What you return should match the material below line for line, except that no image appears in it.

> _INFORMATION PROVIDED_:
*** Block opens ***
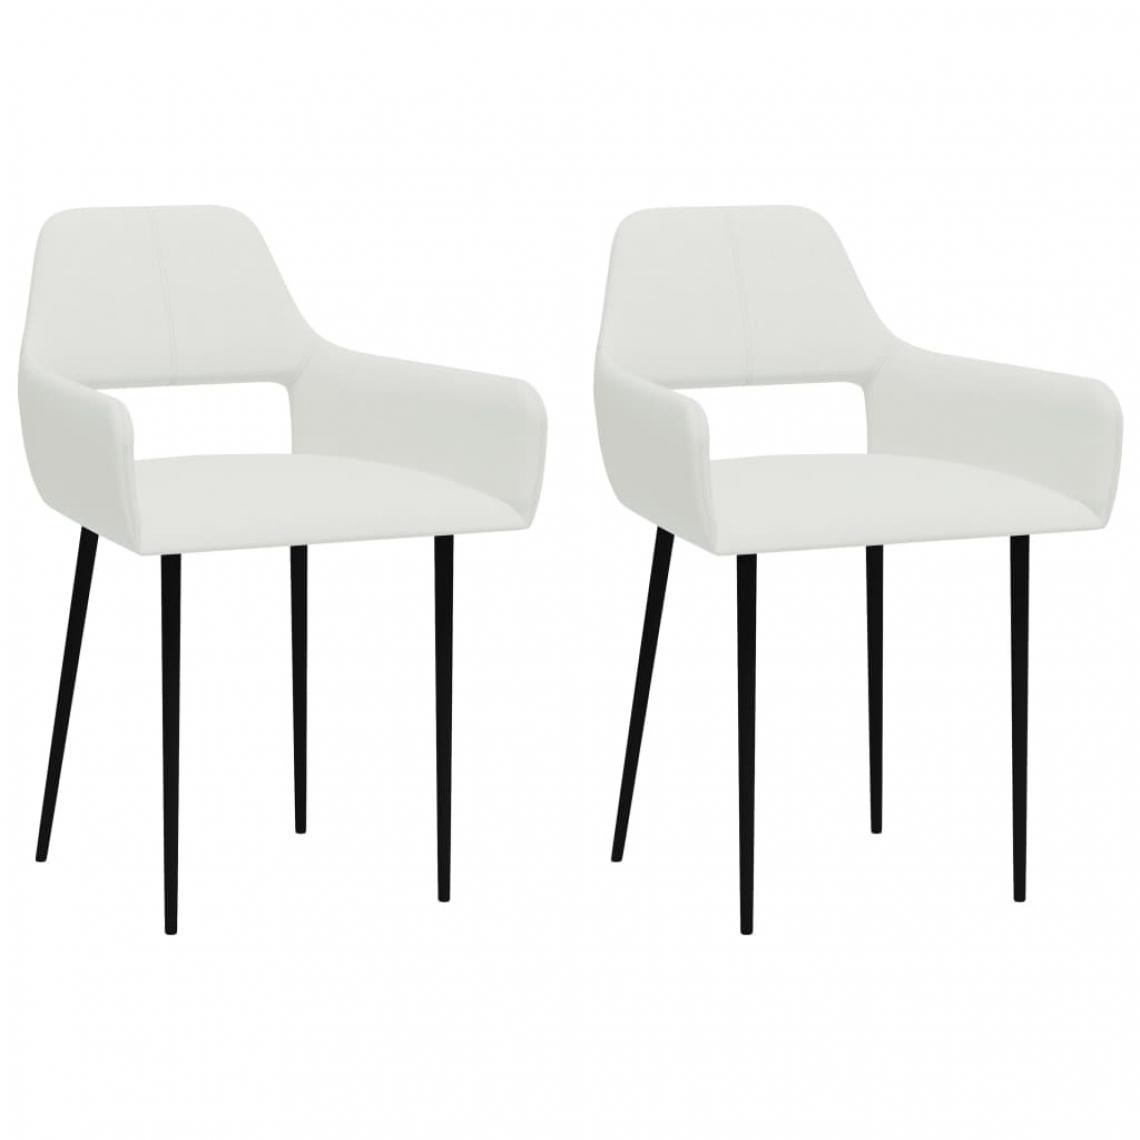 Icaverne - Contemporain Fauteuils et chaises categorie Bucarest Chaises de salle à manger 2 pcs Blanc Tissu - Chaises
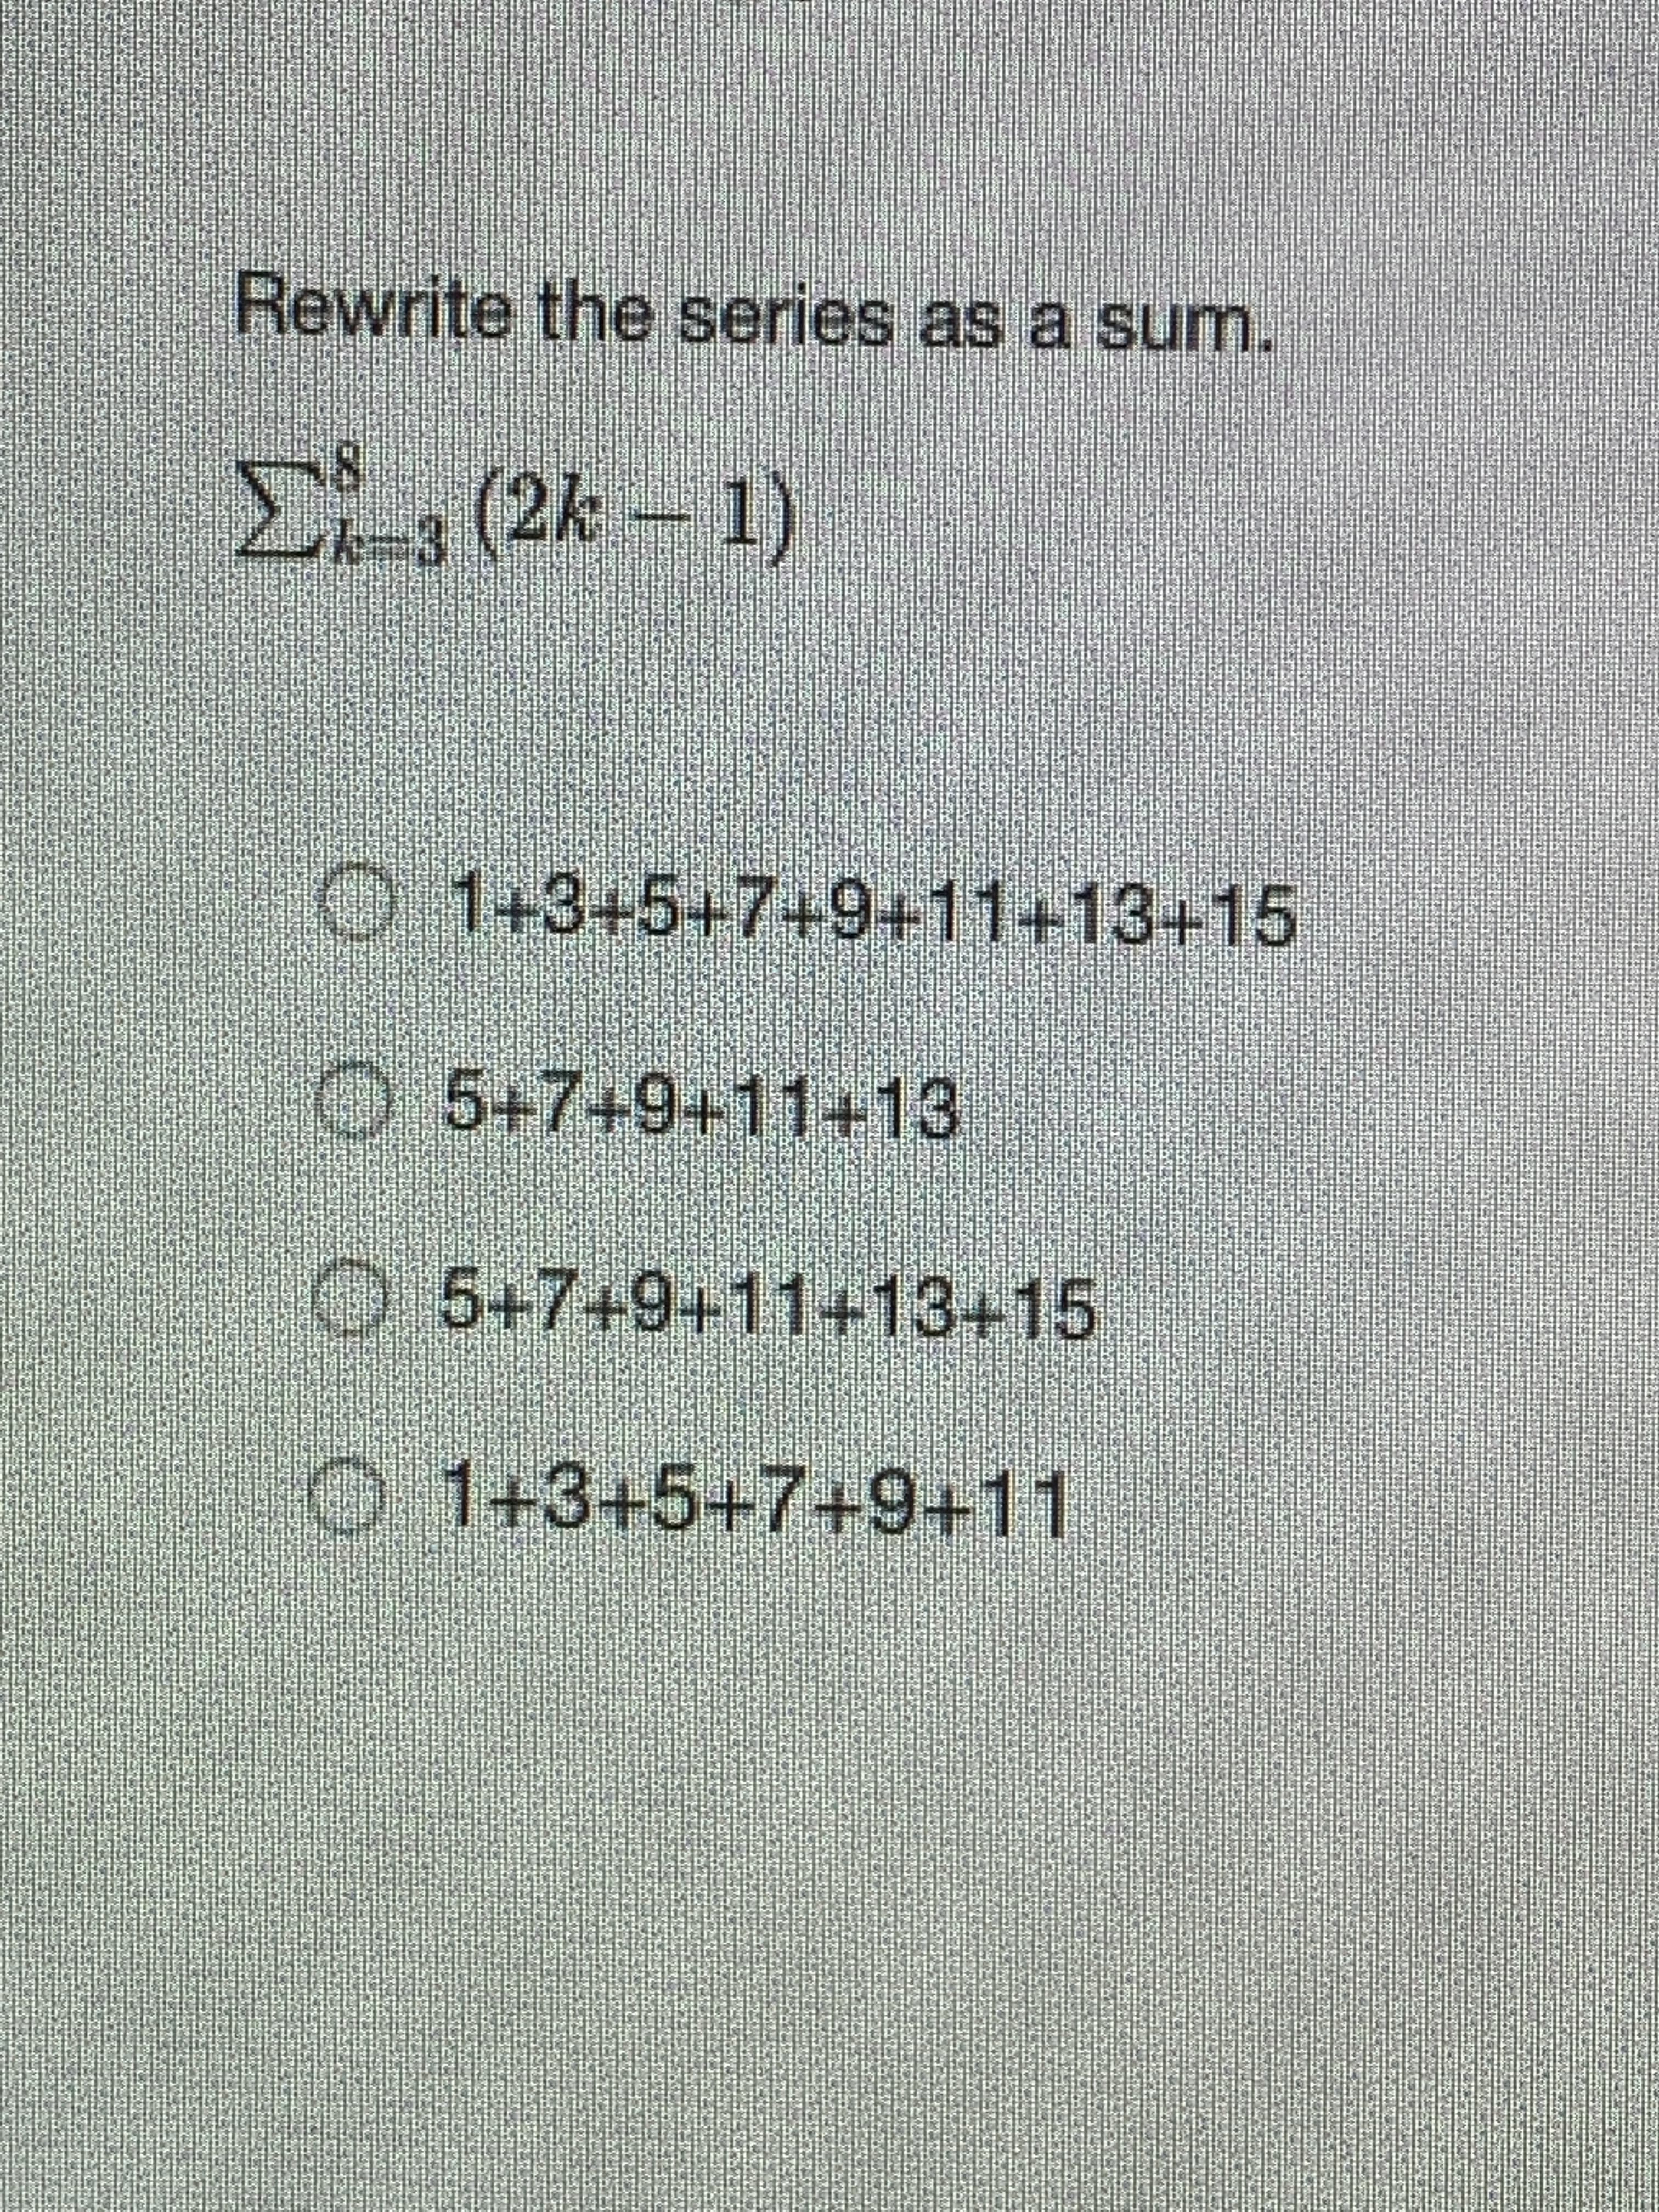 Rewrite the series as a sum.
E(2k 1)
*** Block closes ***
> _TASK SOLUTION_:
 Icaverne - Contemporain Fauteuils et chaises categorie Bucarest Chaises de salle à manger 2 pcs Blanc Tissu - Chaises
 Rewrite the series as a sum.
E(2k 1)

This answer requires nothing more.